CHD7-regulated enhancers are enriched for proneural transcription factor motifs
A comparison of HOCOMOCO Mouse v11 CORE database transcription factor motifs enrichened within regulatory elements linked to CHD7 by SEA tool from MEME suite. Left panel describes TFClass family each transcription factor belongs to. Middle heatmap of q-values for significant SEA motif-enrichment results (P<0.05, Q<0.05) for genomic regions with ATAC peaks that are direct targets of CHD7 with CHD7 occupancy and change in accessibility in Chd7-deficient GCps (DA & CHD7), those that alter accessibility upon CHD7 depletion but do not display CHD7 occupancy in WT (DA no CHD7) and those which display CHD7 recruitment but do not alter accessibility upon CHD7 depletion (CHD7 no DA). White boxes denote no statistically significant enrichment. RNA expression level of transcription factors in WT GCps (n=2) is shown in right panel and color of bar indicates if the RNA expression level of that factor is unchanged in Chd7-depleted GCps (blue), upregulated (green) or downregulated (purple).

Comparison between our pcHi-C data from P7 mouse GCps and Hi-C data from P4 mouse cerebellum by Reddy et al.

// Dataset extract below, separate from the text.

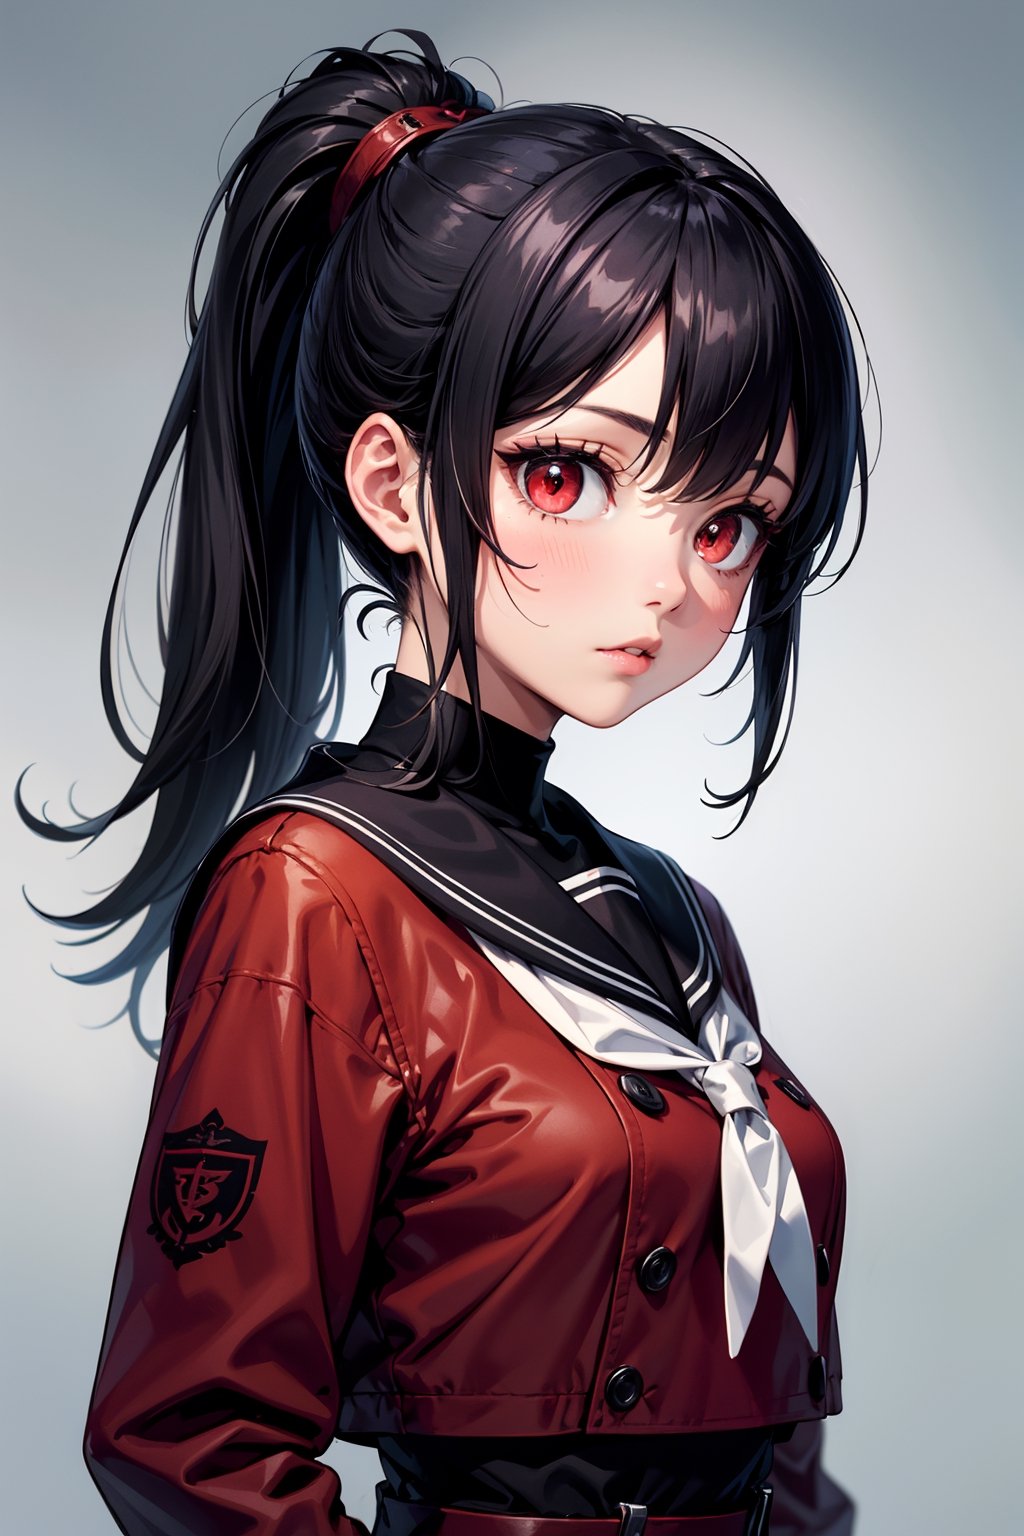 1woman,army woman, ponytail, black hair, cute face, red eyes, army long coat, sailor school uniform, black theme, stylish pose, standing, harbar, fantasy, ultra detailed, ultra highres, masterpiece,

(A) Overlap of promoters with distal interactions identified in Reddy et al (green) vs. pCHiC (blue). (B) Sankey diagram demonstrating the number of E-P interactions from Reddy et al dataset replicated in the pCHiC data along with regions that are unique to the Reddy et al data, illustrating the proportion of the the E-P interactions that we would not expect to replicate in our data due to the technical design of the capture experiment. A substantial subset of Reddy E-P interactions were not found in our data due to technical differences (promoters not captured in our study), bioinformatic reasons (removal of bait-to-bait interactions. For some of the Reddy E-Ps, no interactions were identified in our data, or different potential enhancers (PIFs) were found, which might reflect differences in cell type and developmental timing.